### Instructions to follow:
Your copy should start at the line with "Nail Mix 福岡天神店所属・Nail Mix 福岡天神店 3の掲載" and end at the line with "BIRDS OVER THE COAST OF NAPLES" in the data below. Transcribe only those lines, exactly, pictures excluded.

### Records shown:
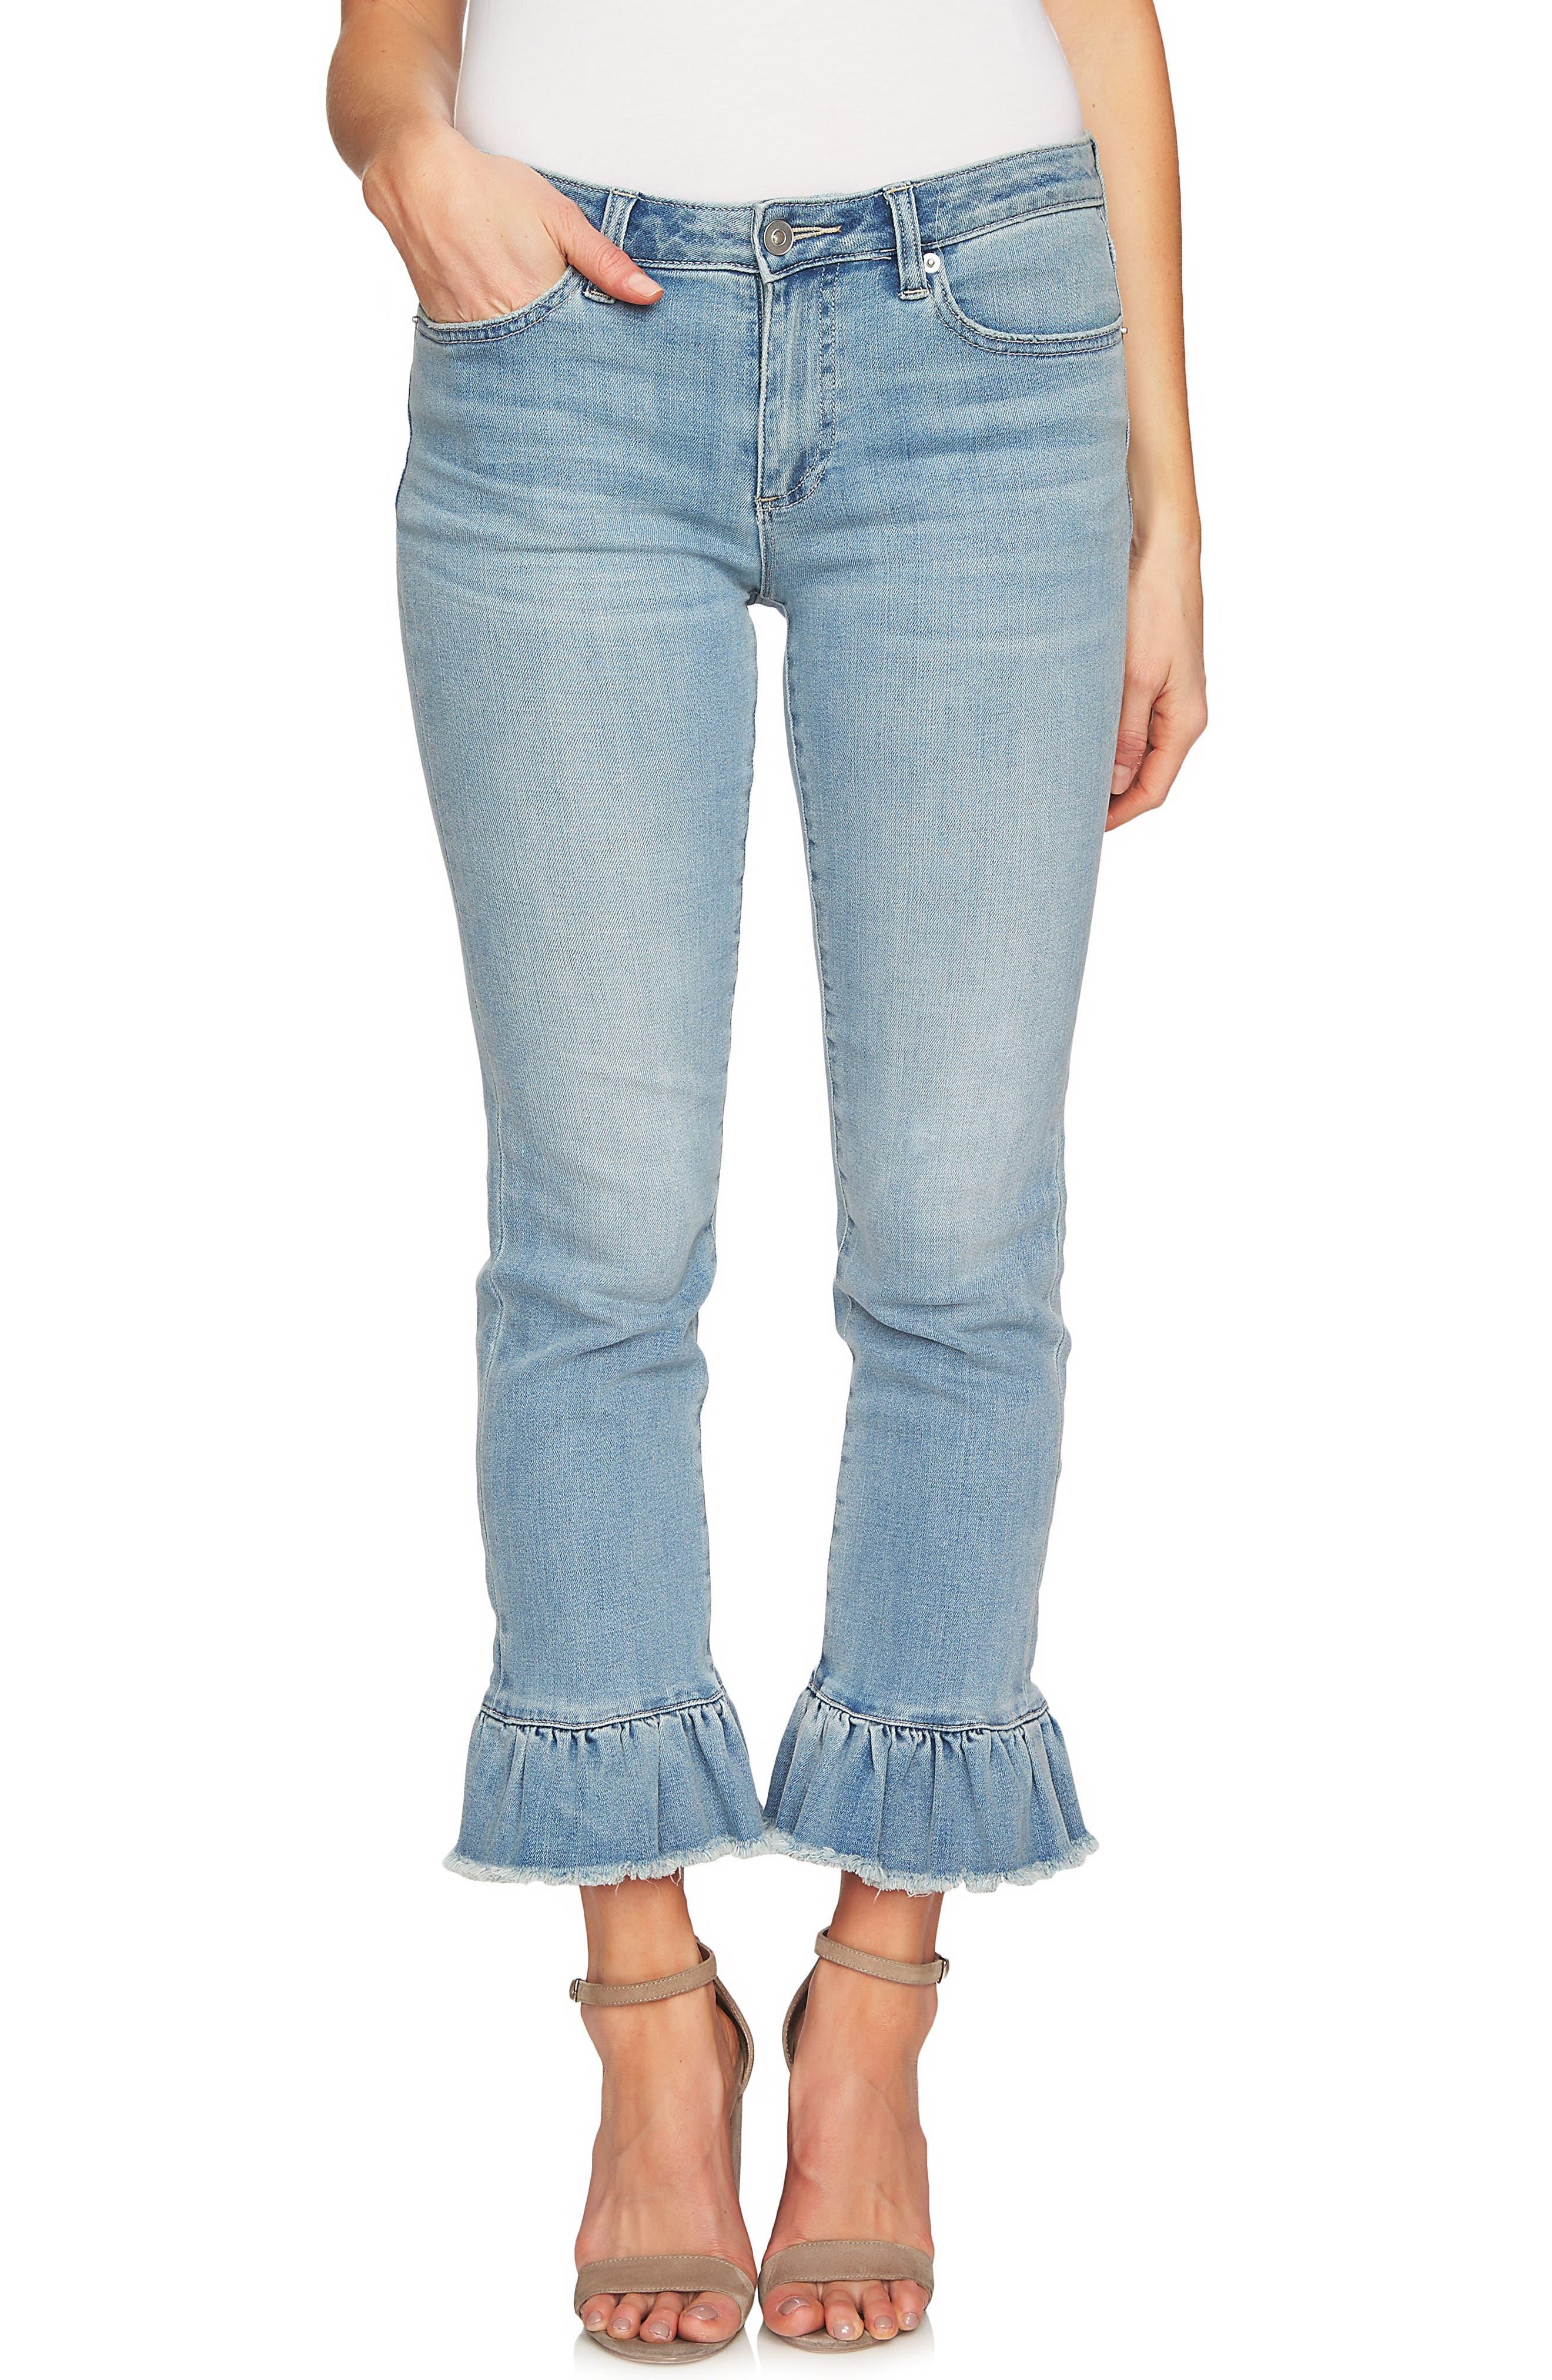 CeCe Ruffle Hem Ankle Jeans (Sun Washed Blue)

==

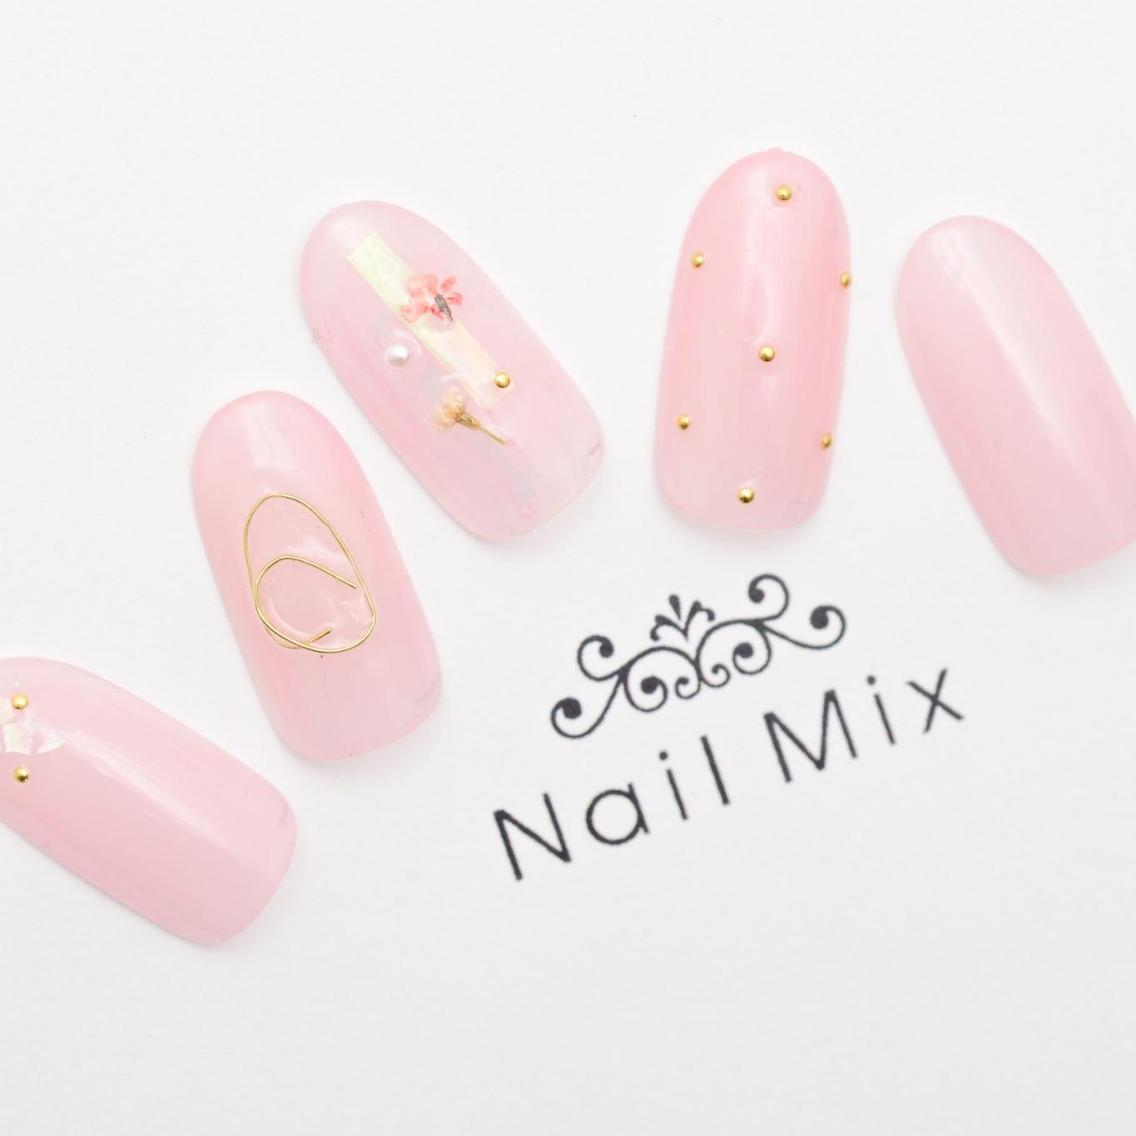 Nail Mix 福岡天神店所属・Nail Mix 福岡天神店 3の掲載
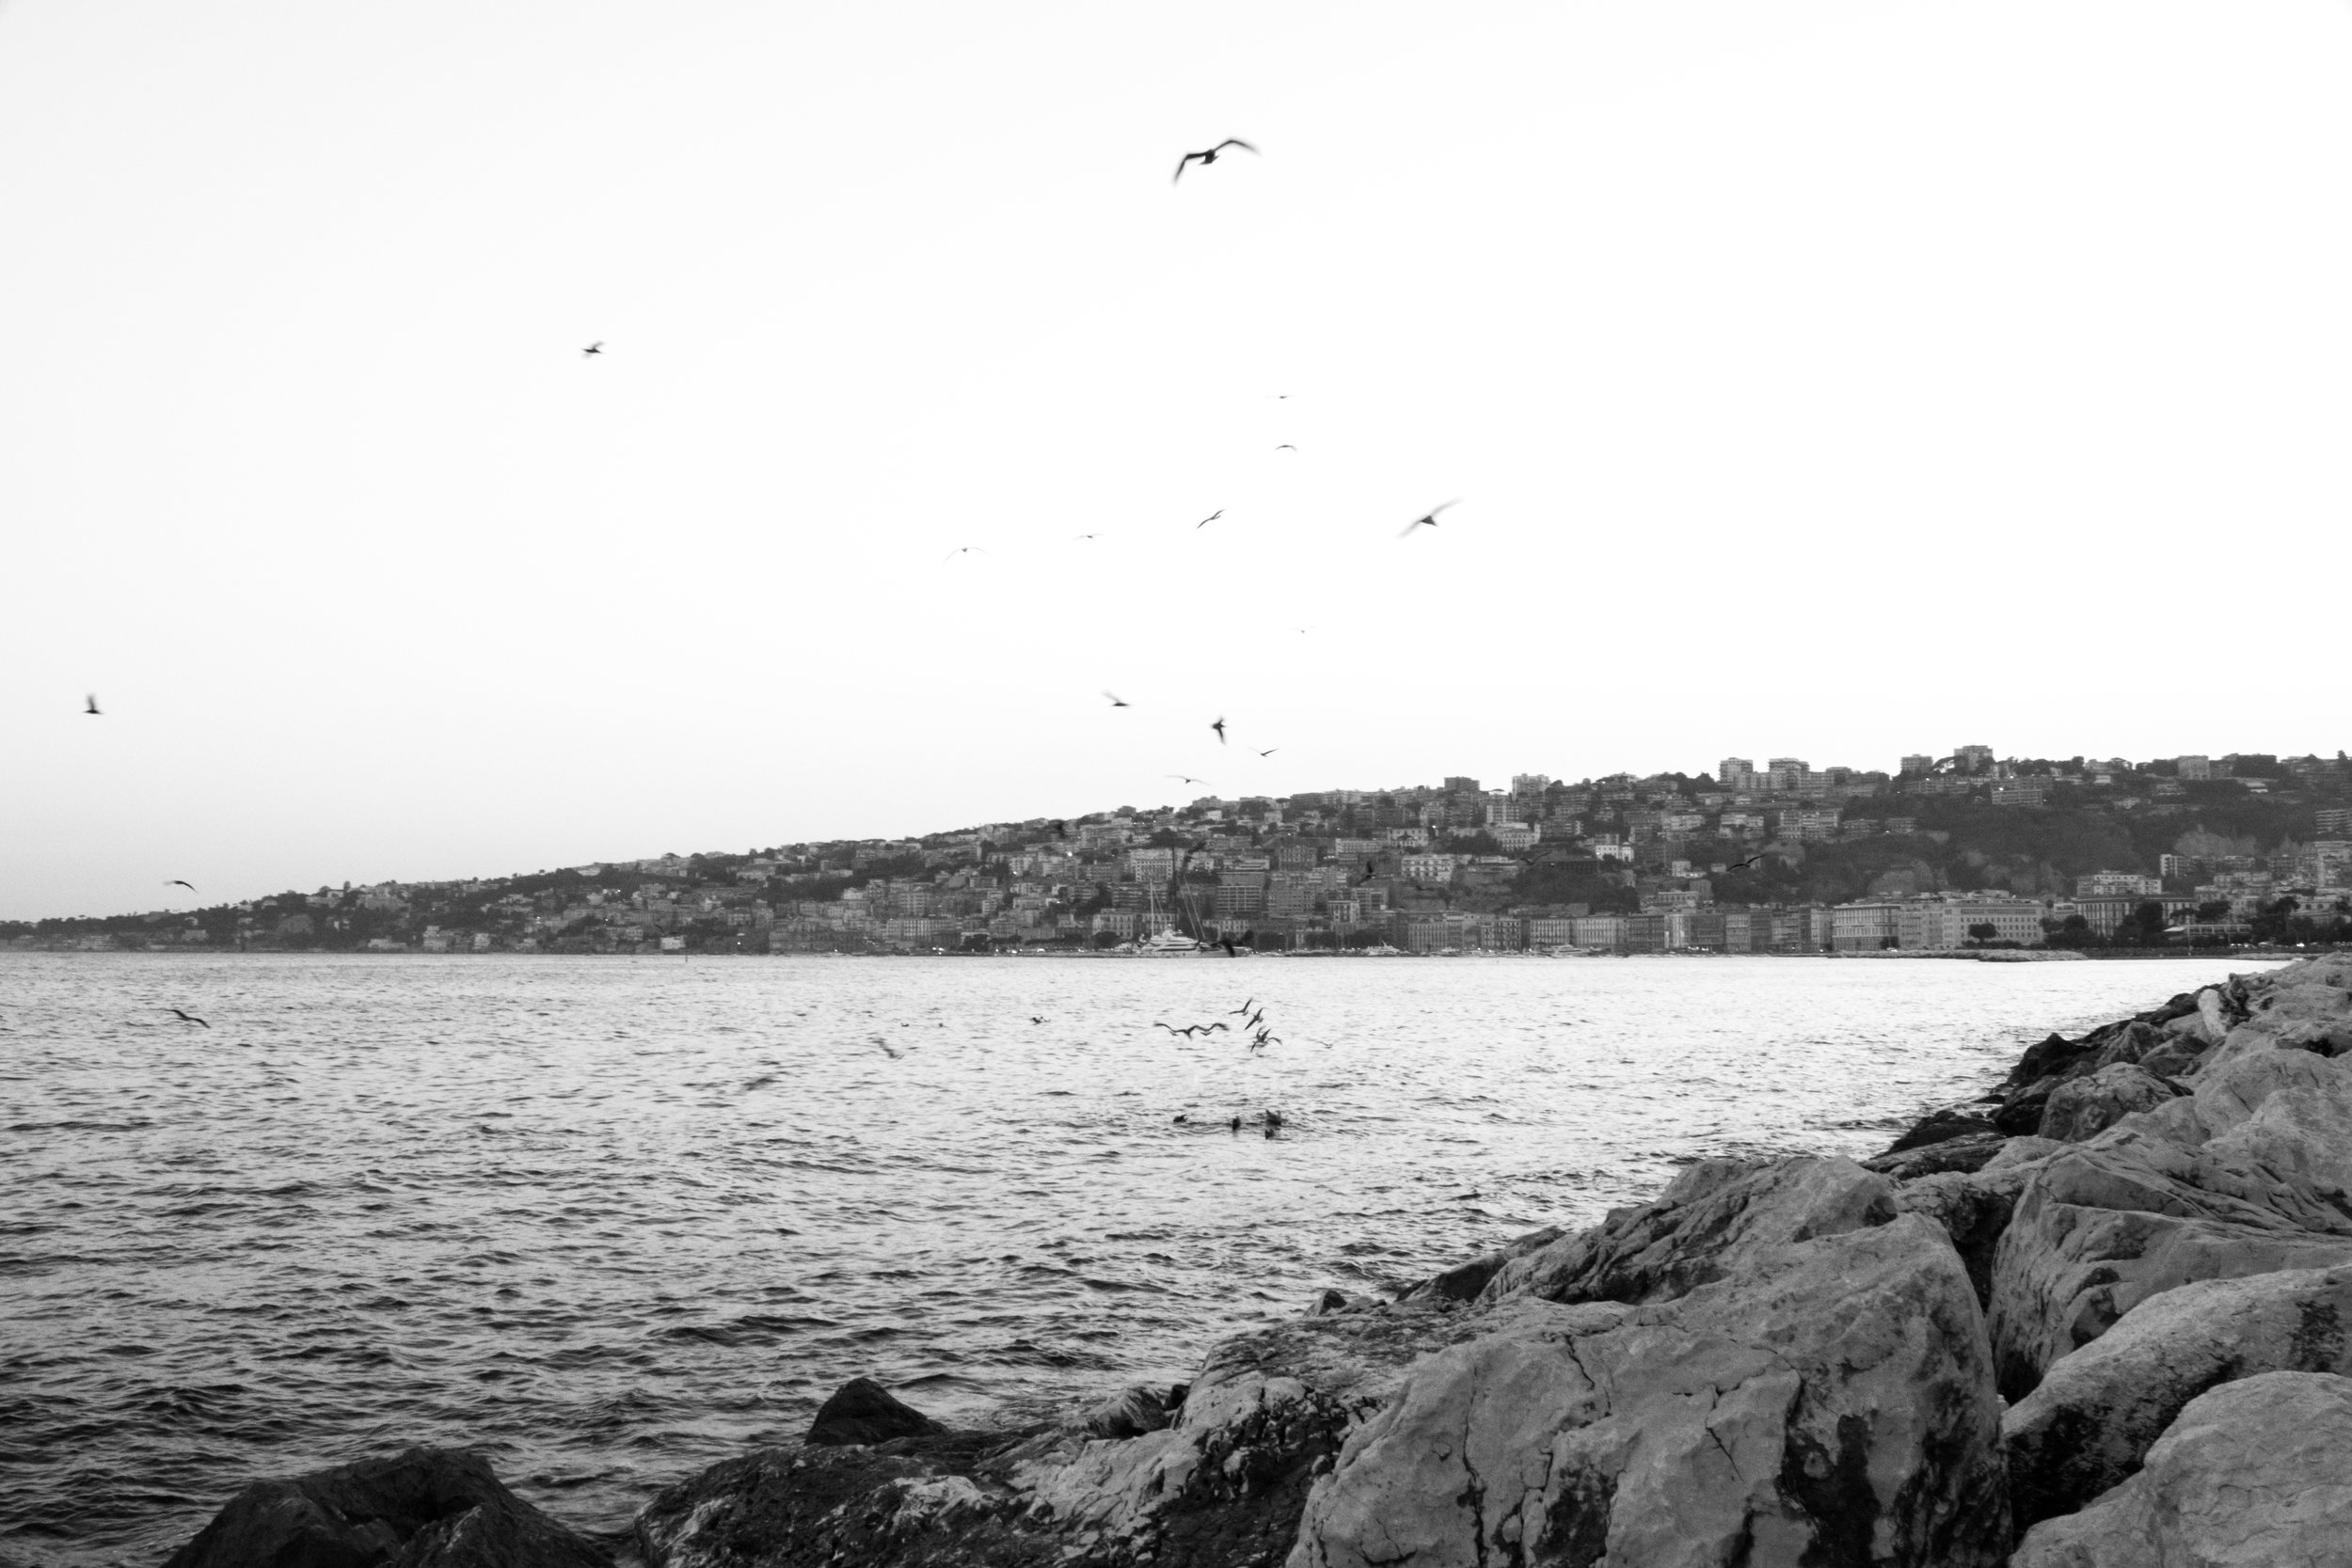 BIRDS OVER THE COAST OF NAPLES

### Solution:
 Nail Mix 福岡天神店所属・Nail Mix 福岡天神店 3の掲載
 BIRDS OVER THE COAST OF NAPLES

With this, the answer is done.